Dans son discours du Bourget dimanche dernier, le candidat socialiste, François Hollande a proposé de « constitutionnaliser » la loi du 9 décembre 1905 de séparation des Eglises et de l’Etat, ou, plus exactement, si nous avons bien comrpis, des deux premiers articles : 

 

 « La République assure la liberté de conscience. Elle garantit le libre exercice des cultes sous les seules restrictions édictées ci-après dans l’intérêt de l’ordre public »

 

« La République ne reconnaît, ne salarie ni ne subventionne aucun culte.
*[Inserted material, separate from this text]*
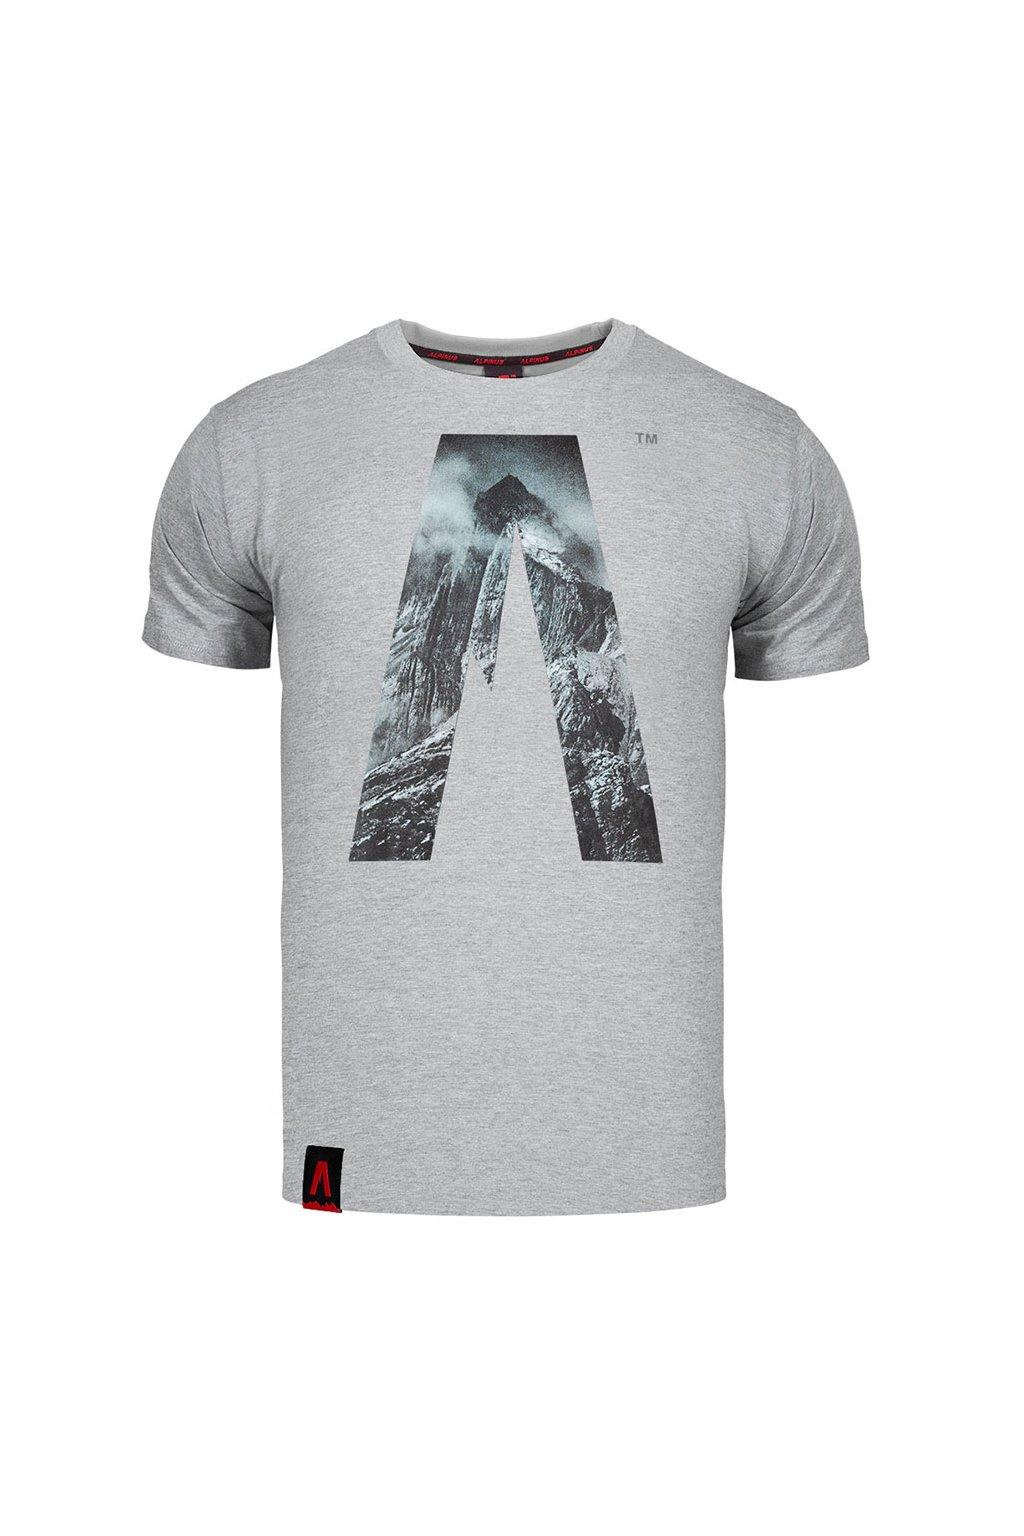 Pánske tričko Alpinus Peak sivé ALP20TC0039

En conséquence, à partir du 1er  janvier qui suivra la promulgation de la présente loi, seront supprimées des budgets de l’Etat, des départements et des communes, toutes dépenses relatives à l’exercice des cultes. »

 

En effet, la loi de 1905 n’est pas applicable sur tout le territoire de la République, notamment, en Alsace-Moselle, qui demeure sous le régime Concordataire. pas plus en Polynésie, en Guyane, Mayotte… Une constitutionnalisation aurait donc pour effet d’unifier le droit, et d’interdire poartout les subentions aux cultes.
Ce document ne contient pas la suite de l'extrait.